Verified DHCP server configuration. Options 66 and 67 were config'd correctly, but we took them off anyway and tried. No dice. So we reconfigured them with PXE info (nothing changed, just deleted and readded the same info on 66/67).
Looked at the PXE server itself and found nothing of note except that it would show that a TFTP session failed whenever a PXE client would request the file for download. But you could plug the 2921 back in and change nothing else, and the PXE file download would complete to the client.
We worked on this issue for a couple of weeks, as time would allow, and could find absolutely nothing wrong with anything in our configs. So we finally gave up and tried a 3560-CX to see if it would allow us to PXE image. It did. Same exact configs as we used on the 3850. Minds=blown.
For now we are using the 3560 as our Layer 3 device and trunking the 3850 to it. We use the 5 or 6 ports on the 3560 for imaging and the 3850 just for phone/data connections.
Does anyone have any ideas what is going on here? Is there anything about the 3850 that would cause the PXE process to fail? It seems to allow the DHCP traffic through just fine, but when the client requests the file from the PXE server, the TFTP traffic seems to fail. A debug session showed nothing and we are not allowed to use a packet sniffer on this network.

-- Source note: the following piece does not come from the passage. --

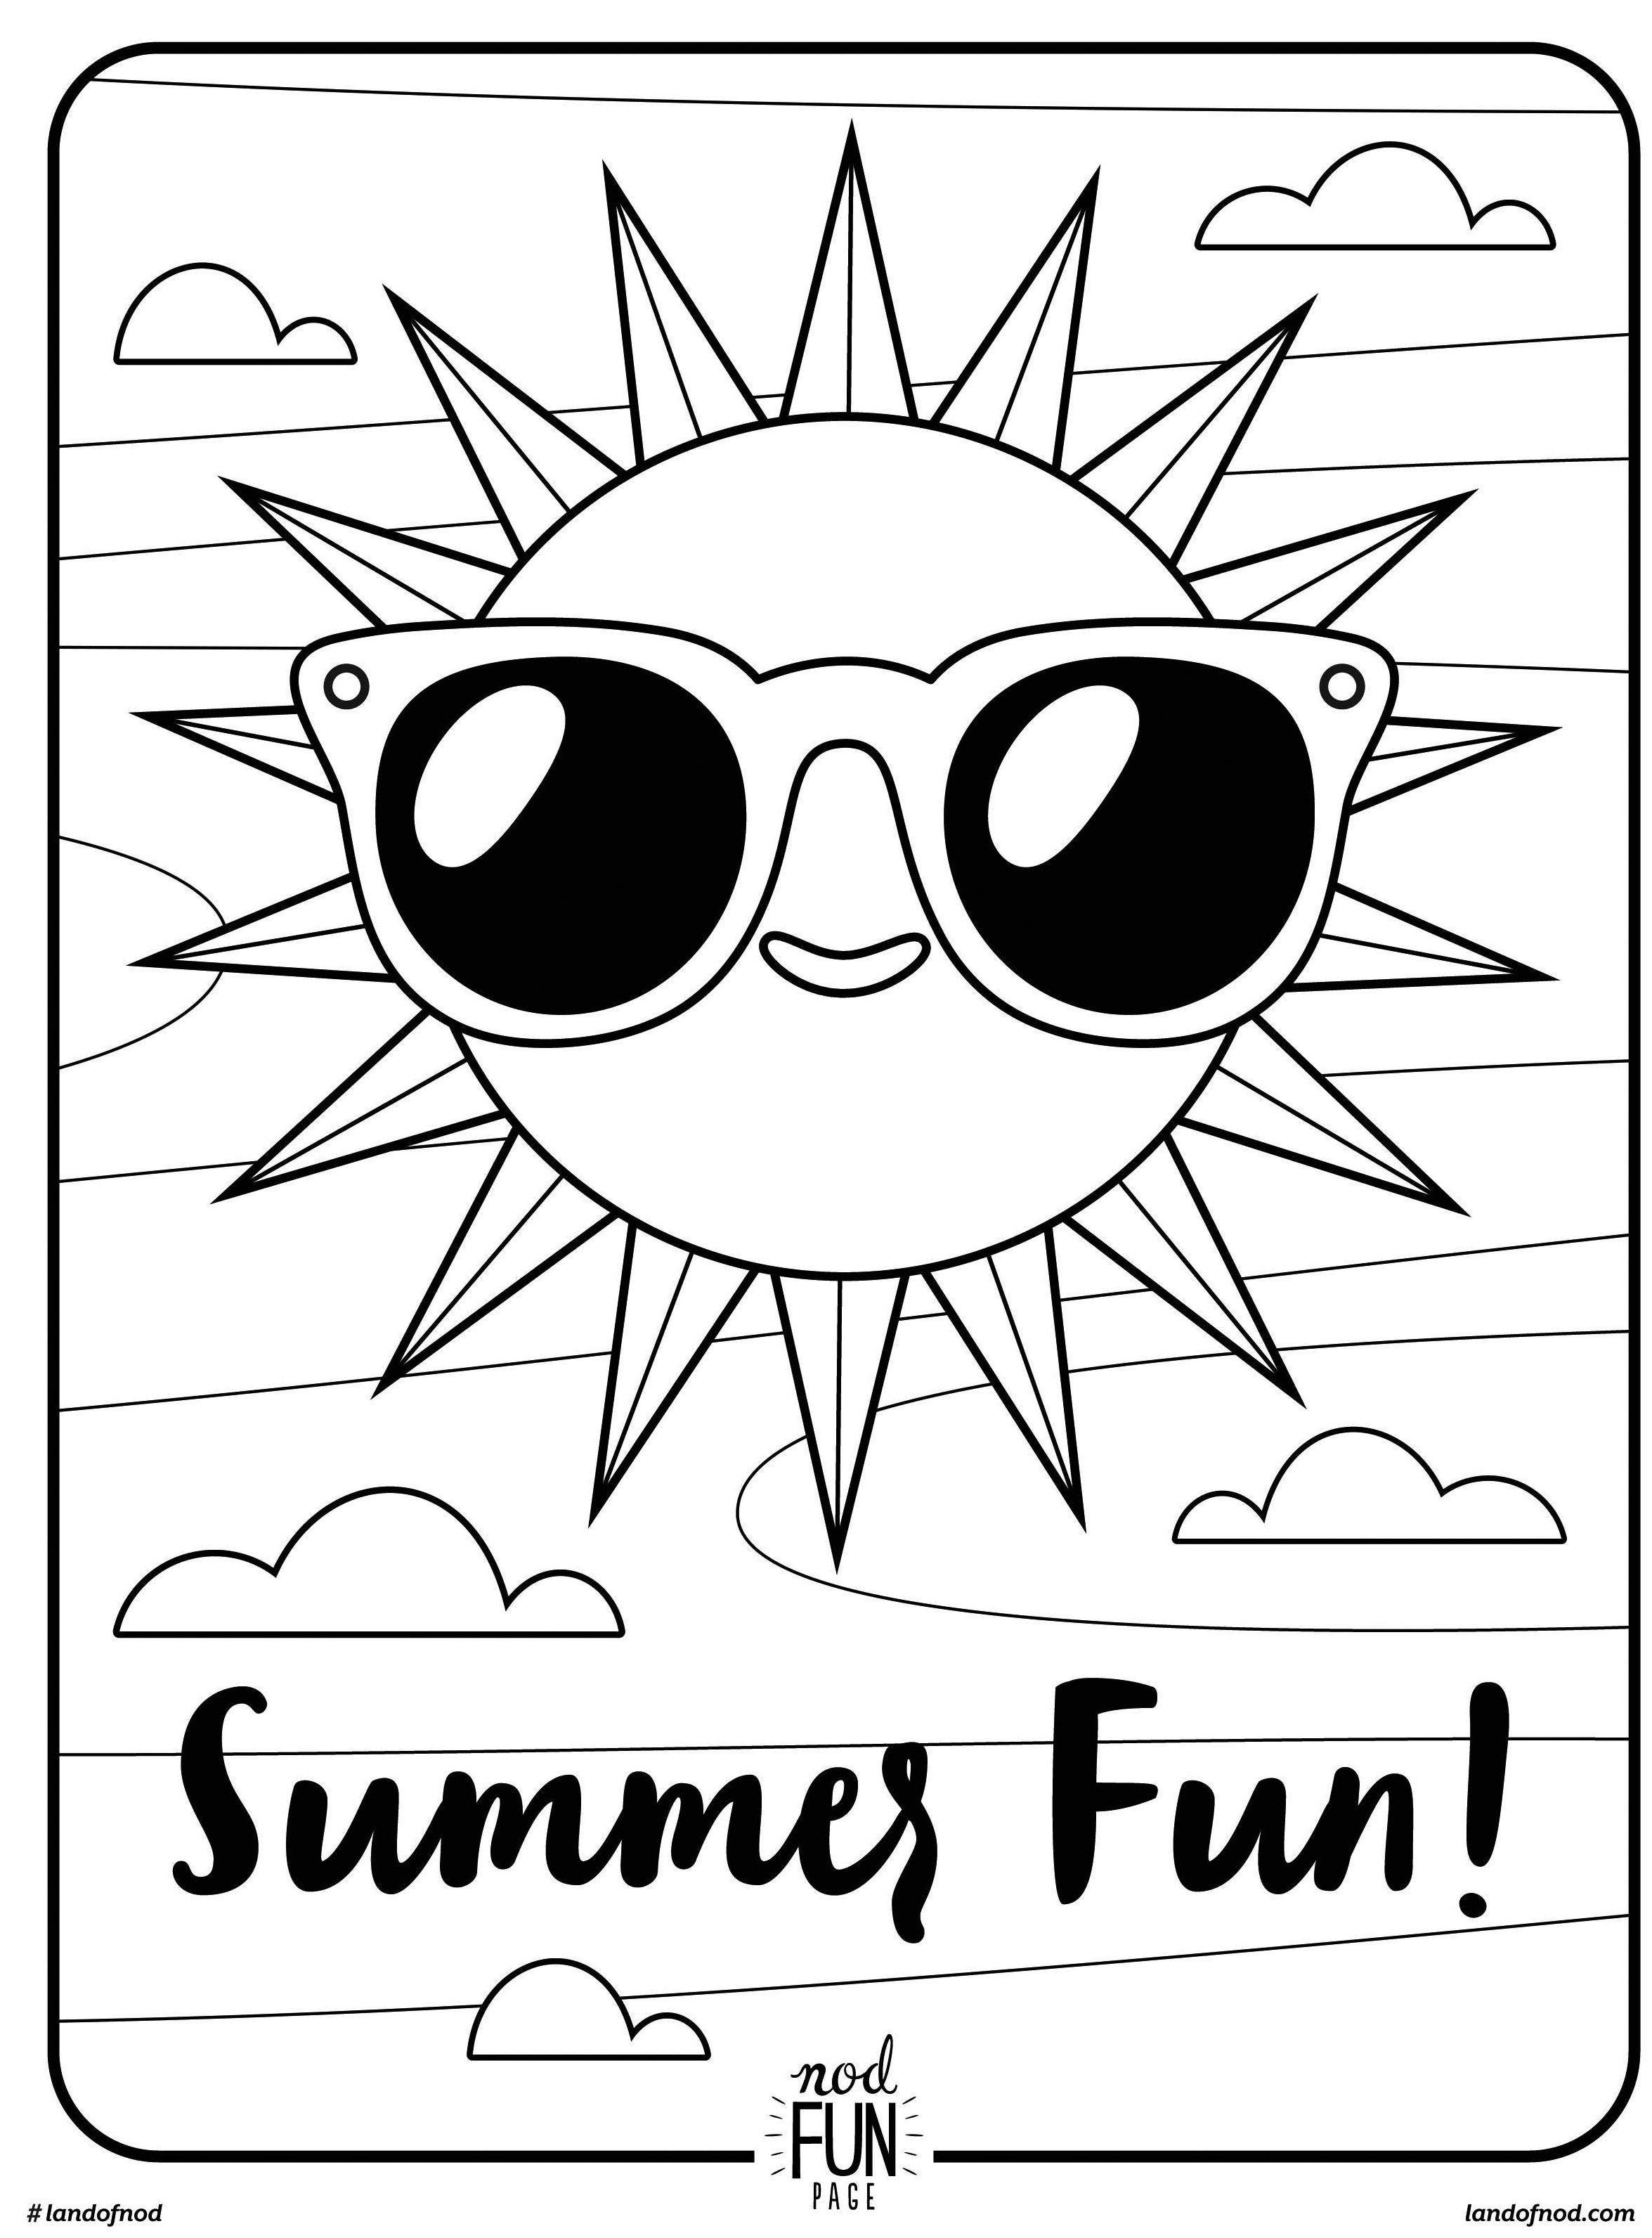 Free Printable Coloring Page: Summer Fun | Summer | Summer Coloring - Summer Coloring Sheets Free Printable

Thank you for any and all help.
PS I can't post a sh run output here unfortunately. This part of the network is simple though: 3850 using OSFP to reach a 4507 directly connected to PXE server (virtual).
keep in mind the 2921 is a router with a switch module the 3850 is a switch with layer-3 capabilities
what image/license are you running on the 3850 (ipbase?, ipservices?)
100% tracking that the devices are different, but does that mean that the 3850 is not capable of supporting PXE/WDS imaging? I just can't see how that can be but maybe it is. All other services are working great.
Thank you for your reply.
can you share some configuration info? it's only guessing now.
I also guess the 3560CX did not have ios version 16.x.x?
and do you use dot1x ? or downloadable ACL's? -> behaviour can be different between platforms
specially after version 15.x , some features can be automatically enabled when some configuration is added to a port
like dot1x authentication automatically enables IP device tracking
I logged a TAC case that revealed behavior can be different by hardware platform
----- From 15.2 onwards, source IP to be "any" is mandated across all classic platforms (ex 2960, 3750 etc)
----- but nova platforms (ex 3650, 3850 etc) would not check for source IP. Hence, we would not see this behavior in 3650
hence some platforms ignored the conflicting ACL, other rejected the ACL completely
and on higher version IP device tracking is enabled by default, because other functions use this in the background
read this document
Unfortunately I can't post the configs as this is on a classified network. And I know that hampers any help that can be provided.
The 3560 is running c3560cx-universalk9-mz.152-4.E2, license ipservices.
Not running dot1x or downloadable ACLs.
I think you're right about opening a TAC case...unfortunately I don't have the rights to do it, but I feel it is the only way this is going to be resolved. Thanks for your replies, truly.
If you are not allowed to post configuration details then it becomes very difficult for us to understand the issue. As a start can you provide some clarification about the topology you describe as " 3850 using OSFP to reach a 4507 directly connected to PXE server (virtual)."
Can we assume that the vlans configured on 3850 are exactly the same as on 2921? And assume that routing logic is exactly the same? Where is the DHCP server that provides addresses etc to PCs? Is there a helper address for the DHCP server and a separate helper address for PXE server? If you put a PC on the vlan where the clients are having problems with PXE and configure it with appropriate IP address, mask, and gateway, is the PC able to ping the PXE server?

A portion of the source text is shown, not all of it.